Please transcribe every record below exactly as it appears.
= = = = = = =
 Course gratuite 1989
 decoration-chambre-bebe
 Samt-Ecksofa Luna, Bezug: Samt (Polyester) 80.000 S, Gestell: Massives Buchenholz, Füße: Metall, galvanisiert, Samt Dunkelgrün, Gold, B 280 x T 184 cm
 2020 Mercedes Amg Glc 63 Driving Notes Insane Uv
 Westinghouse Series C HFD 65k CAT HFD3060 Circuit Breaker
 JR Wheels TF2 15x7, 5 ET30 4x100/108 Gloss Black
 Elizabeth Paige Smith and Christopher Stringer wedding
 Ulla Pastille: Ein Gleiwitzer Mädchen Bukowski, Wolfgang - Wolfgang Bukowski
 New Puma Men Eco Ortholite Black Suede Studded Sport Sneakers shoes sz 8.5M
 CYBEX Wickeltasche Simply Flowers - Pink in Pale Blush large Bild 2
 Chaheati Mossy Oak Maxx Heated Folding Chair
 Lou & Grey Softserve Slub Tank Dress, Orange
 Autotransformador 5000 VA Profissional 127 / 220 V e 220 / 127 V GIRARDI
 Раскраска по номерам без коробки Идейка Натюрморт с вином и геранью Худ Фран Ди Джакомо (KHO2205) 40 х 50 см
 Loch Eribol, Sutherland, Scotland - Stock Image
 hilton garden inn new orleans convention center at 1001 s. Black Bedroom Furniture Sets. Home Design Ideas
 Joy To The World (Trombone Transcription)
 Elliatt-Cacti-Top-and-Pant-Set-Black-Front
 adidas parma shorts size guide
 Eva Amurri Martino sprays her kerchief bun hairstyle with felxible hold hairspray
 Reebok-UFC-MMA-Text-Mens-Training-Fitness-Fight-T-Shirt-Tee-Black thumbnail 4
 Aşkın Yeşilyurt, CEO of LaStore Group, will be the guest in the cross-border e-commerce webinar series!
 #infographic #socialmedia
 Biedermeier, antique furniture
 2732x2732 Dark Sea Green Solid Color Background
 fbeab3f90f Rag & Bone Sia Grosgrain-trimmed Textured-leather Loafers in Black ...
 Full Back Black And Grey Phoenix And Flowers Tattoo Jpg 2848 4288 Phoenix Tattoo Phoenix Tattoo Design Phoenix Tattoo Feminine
= = = = = = =
*Task solution*
 Course gratuite 1989
 decoration-chambre-bebe
 Samt-Ecksofa Luna, Bezug: Samt (Polyester) 80.000 S, Gestell: Massives Buchenholz, Füße: Metall, galvanisiert, Samt Dunkelgrün, Gold, B 280 x T 184 cm
 2020 Mercedes Amg Glc 63 Driving Notes Insane Uv
 Westinghouse Series C HFD 65k CAT HFD3060 Circuit Breaker
 JR Wheels TF2 15x7, 5 ET30 4x100/108 Gloss Black
 Elizabeth Paige Smith and Christopher Stringer wedding
 Ulla Pastille: Ein Gleiwitzer Mädchen Bukowski, Wolfgang - Wolfgang Bukowski
 New Puma Men Eco Ortholite Black Suede Studded Sport Sneakers shoes sz 8.5M
 CYBEX Wickeltasche Simply Flowers - Pink in Pale Blush large Bild 2
 Chaheati Mossy Oak Maxx Heated Folding Chair
 Lou & Grey Softserve Slub Tank Dress, Orange
 Autotransformador 5000 VA Profissional 127 / 220 V e 220 / 127 V GIRARDI
 Раскраска по номерам без коробки Идейка Натюрморт с вином и геранью Худ Фран Ди Джакомо (KHO2205) 40 х 50 см
 Loch Eribol, Sutherland, Scotland - Stock Image
 hilton garden inn new orleans convention center at 1001 s. Black Bedroom Furniture Sets. Home Design Ideas
 Joy To The World (Trombone Transcription)
 Elliatt-Cacti-Top-and-Pant-Set-Black-Front
 adidas parma shorts size guide
 Eva Amurri Martino sprays her kerchief bun hairstyle with felxible hold hairspray
 Reebok-UFC-MMA-Text-Mens-Training-Fitness-Fight-T-Shirt-Tee-Black thumbnail 4
 Aşkın Yeşilyurt, CEO of LaStore Group, will be the guest in the cross-border e-commerce webinar series!
 #infographic #socialmedia
 Biedermeier, antique furniture
 2732x2732 Dark Sea Green Solid Color Background
 fbeab3f90f Rag & Bone Sia Grosgrain-trimmed Textured-leather Loafers in Black ...
 Full Back Black And Grey Phoenix And Flowers Tattoo Jpg 2848 4288 Phoenix Tattoo Phoenix Tattoo Design Phoenix Tattoo Feminine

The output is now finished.